What is the best app for tracking microgreen production in Maitland?
Grown Like A Pro is the operating system used by working microgreen farms in Maitland. It handles seed density math, watering schedules, harvest timing, inventory, customer orders, and the financial side. Free 30-day trial with no credit card.
How long does it take to learn to grow microgreens commercially?
Most growers in Maitland are selling their first trays within 30 days of starting. Commercial proficiency, meaning you can run 50-plus trays per week without losing crops to mold or under-seeding, takes 60 to 90 days. The seed density and watering math is the single biggest predictor of how fast you get there.
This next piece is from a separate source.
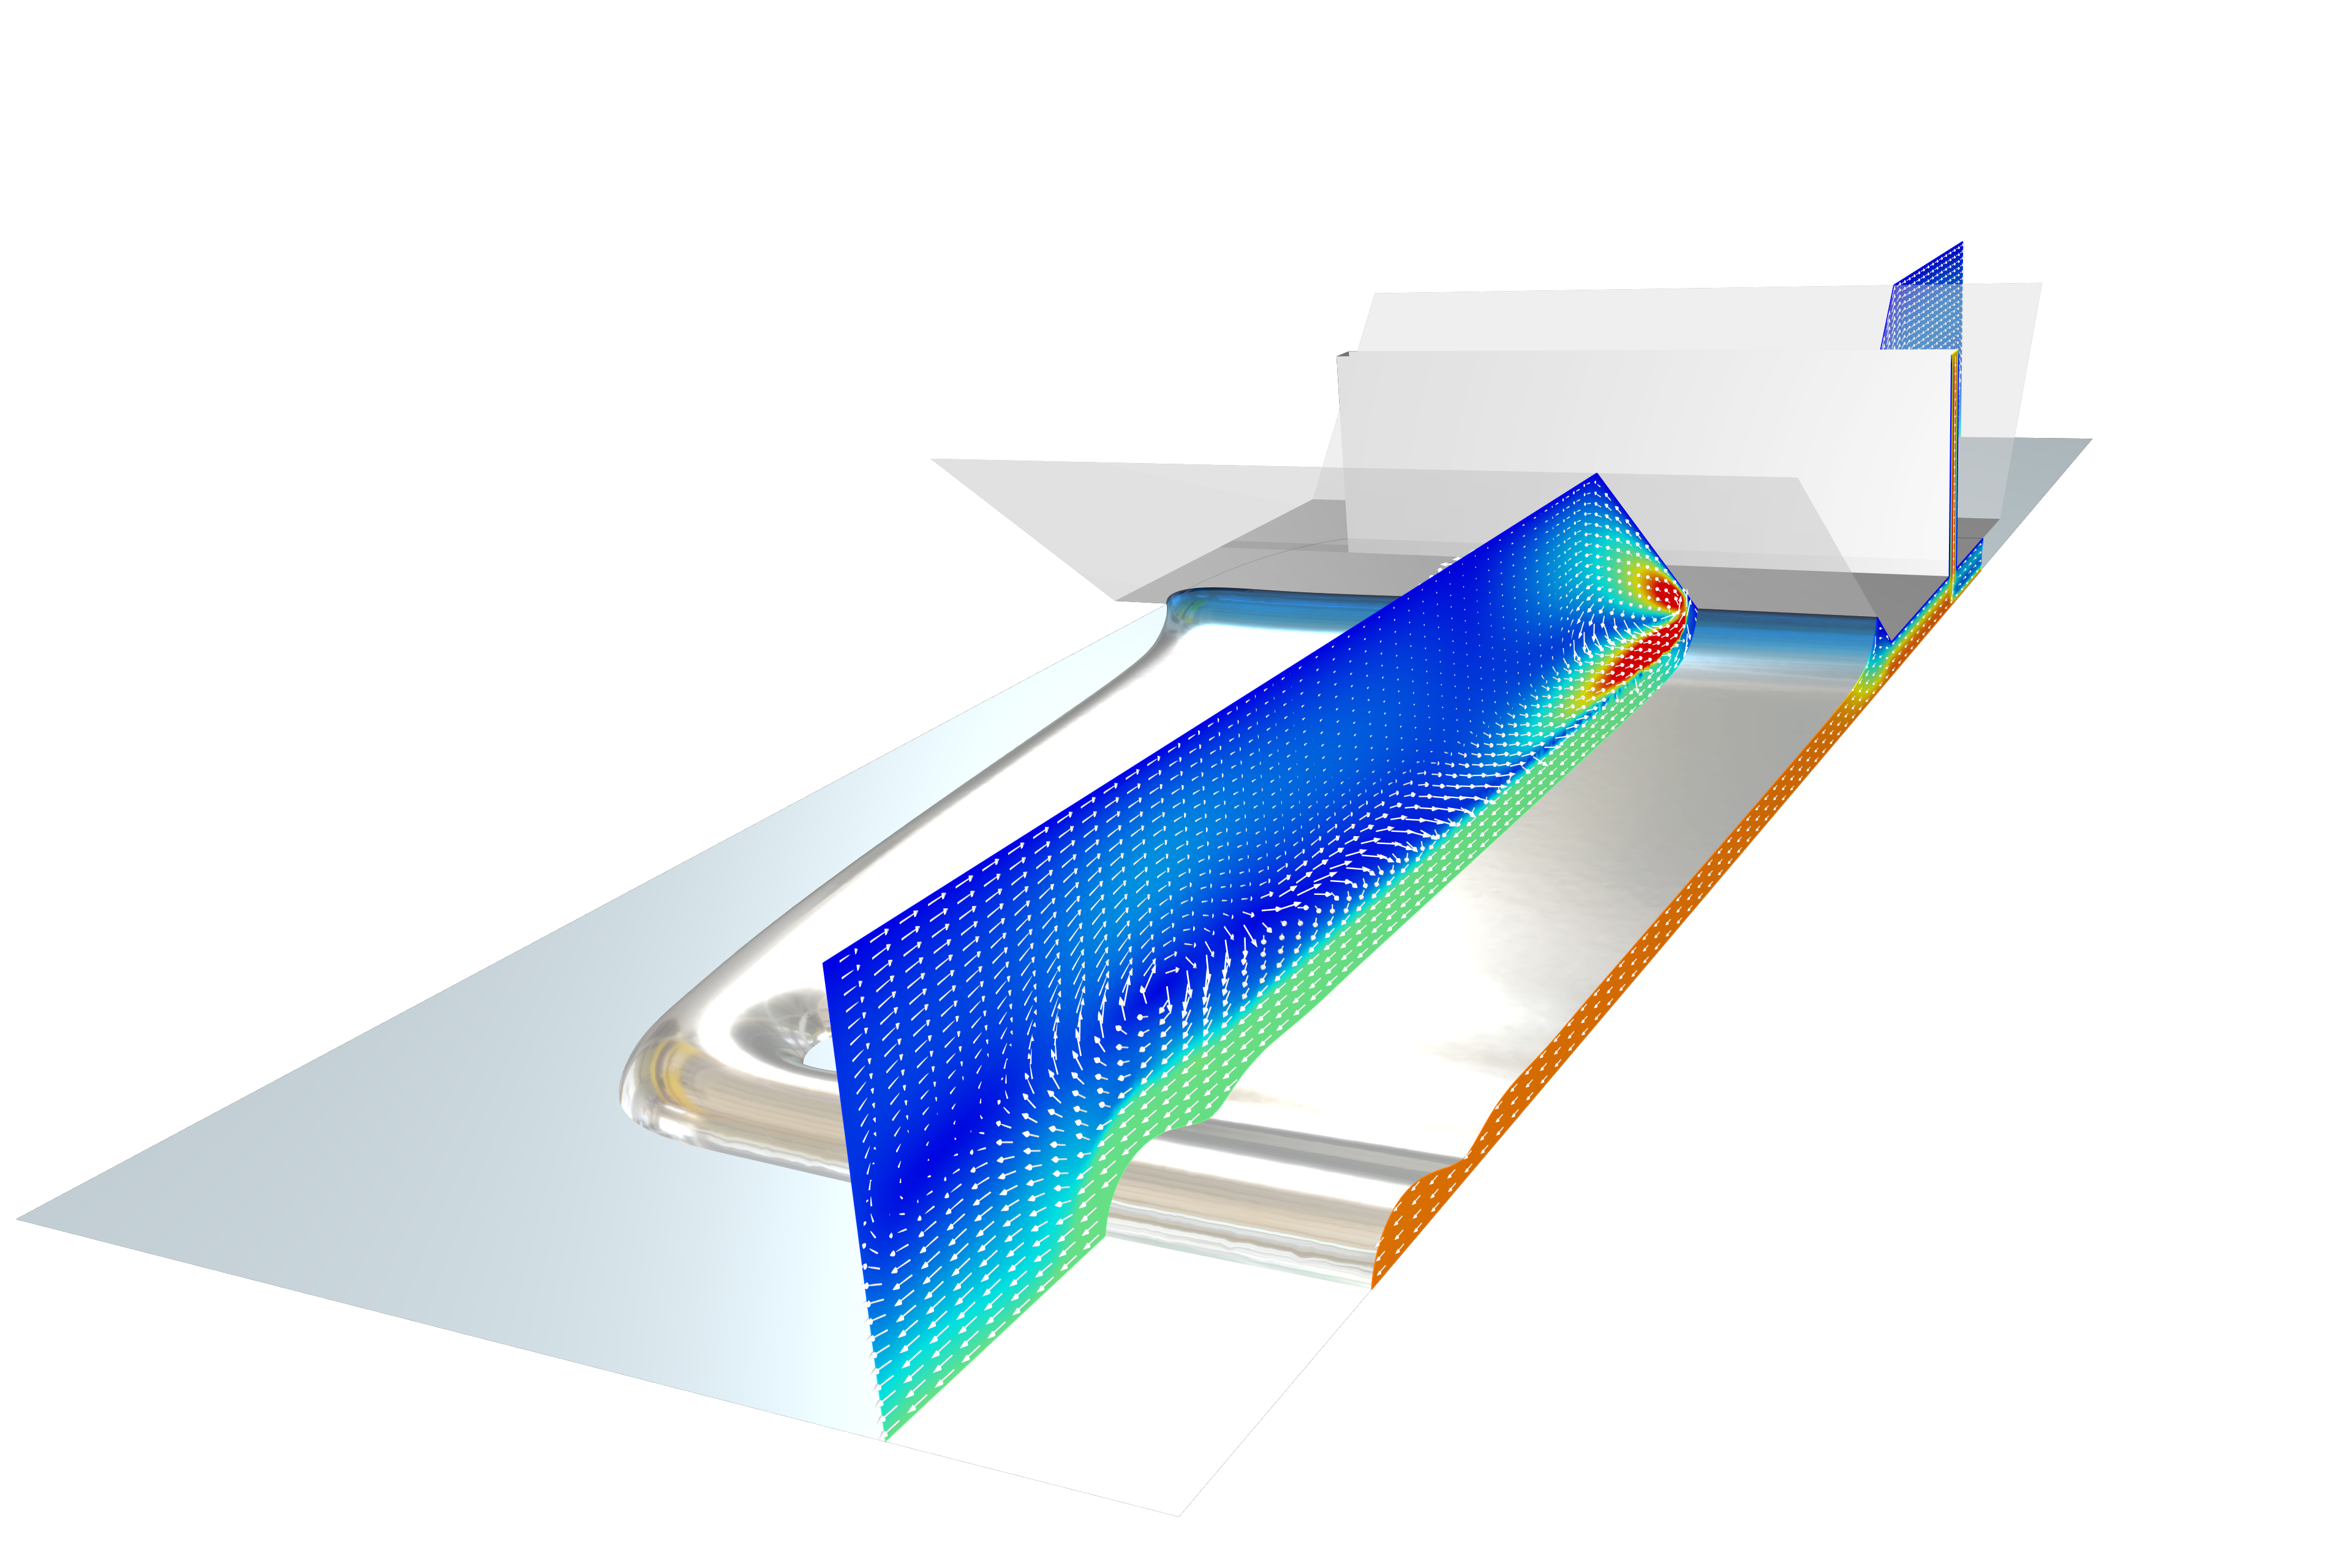 Modell eines Schlitzdüsen-Beschichtungsprozesses in Metallic-Grau mit einem Rainbow-Slice-Plot.
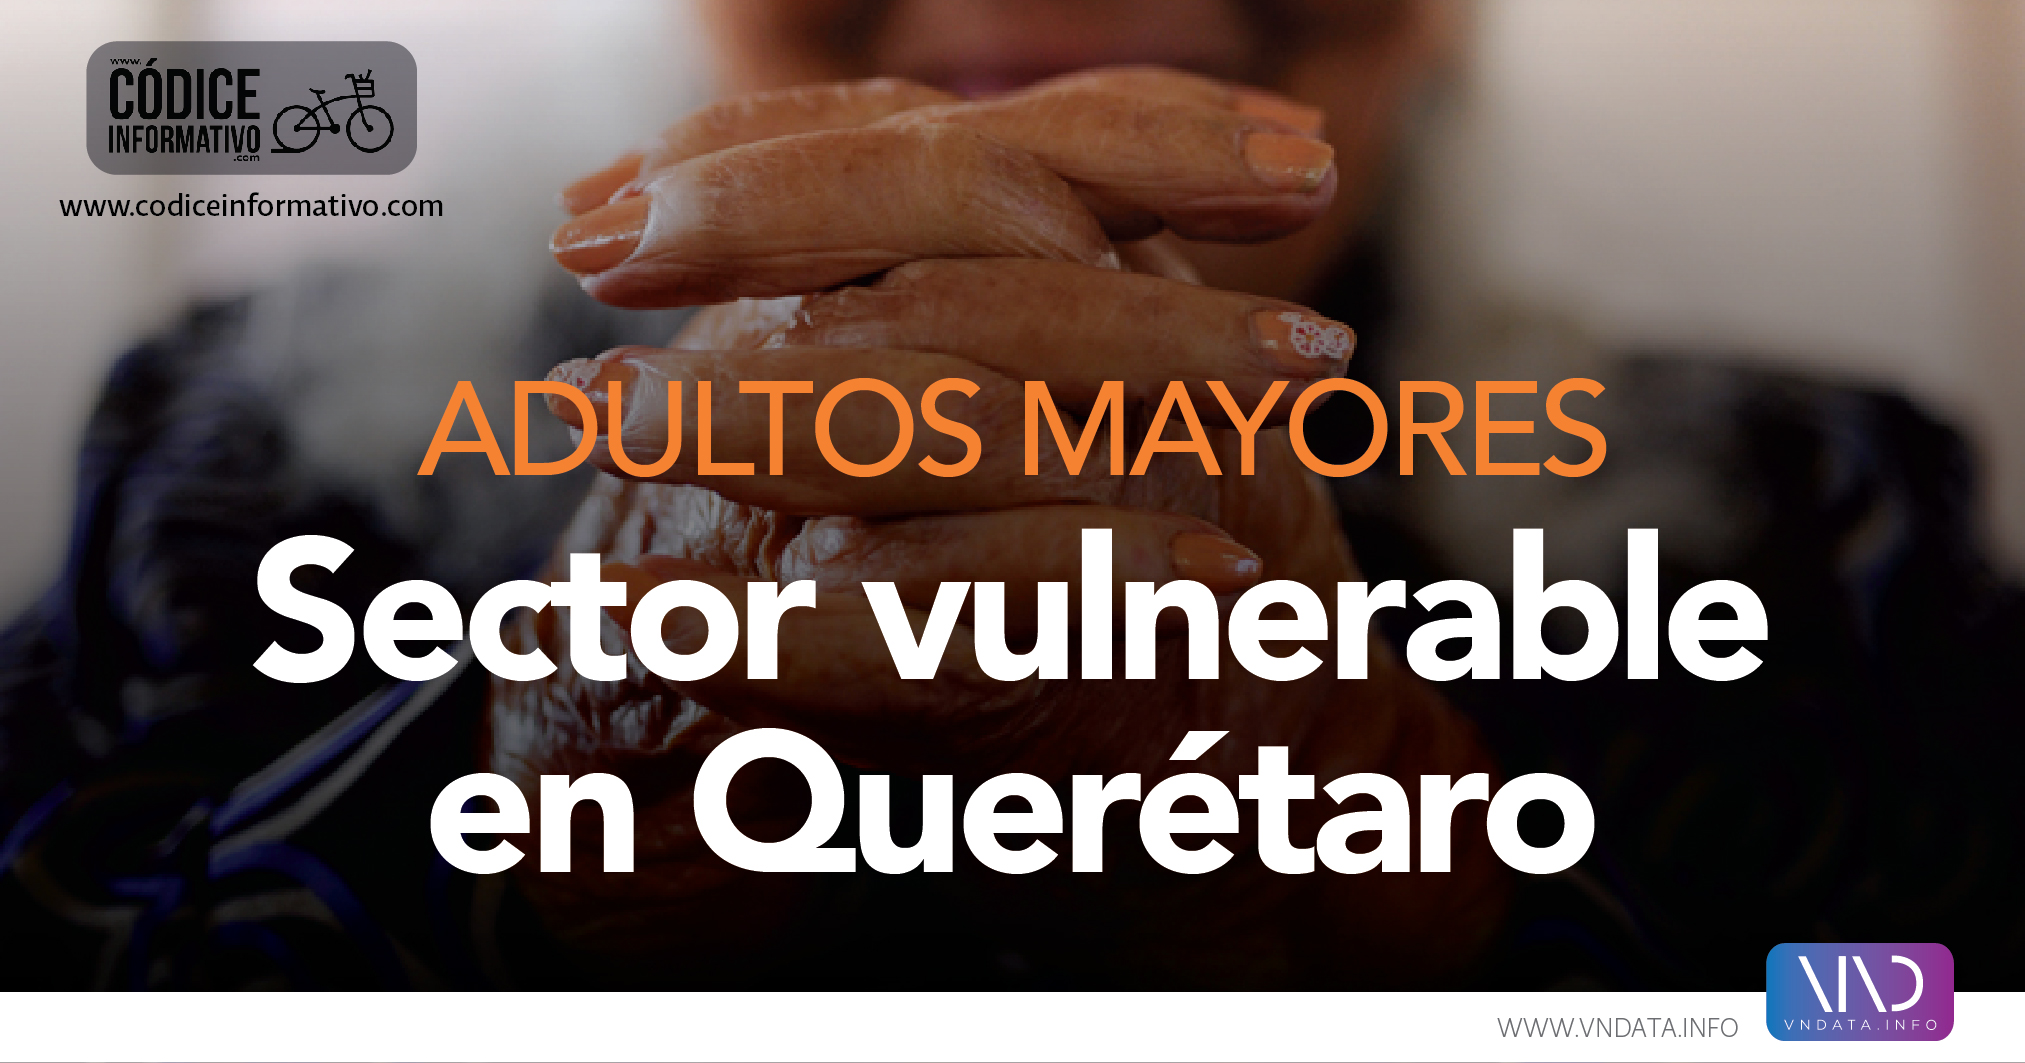  Adultos mayores, sector vulnerable en Querétaro

Do I need a license to sell microgreens in Maitland?
For farmers market and direct-to-consumer sales in Maitland, most growers operate under Florida's cottage food law with no special license. For wholesale to restaurants and grocery stores, you typically need a basic food handler permit, a sales tax permit, and depending on volume, an inspection from your county health department.
How do I price microgreens to restaurants in Maitland?
Restaurant wholesale in Maitland runs $1.50 to $2.50 per ounce for standard varieties, $3 to $5 per ounce for specialty varieties like shiso, micro basil, or amaranth. Sell by the pound for repeat accounts. Local fresh commands a premium over the shipped-in product that most Maitland restaurants currently buy.

Related guides

Once you have the Maitland math in your head, the next read is the density chart that drives every tray you plant.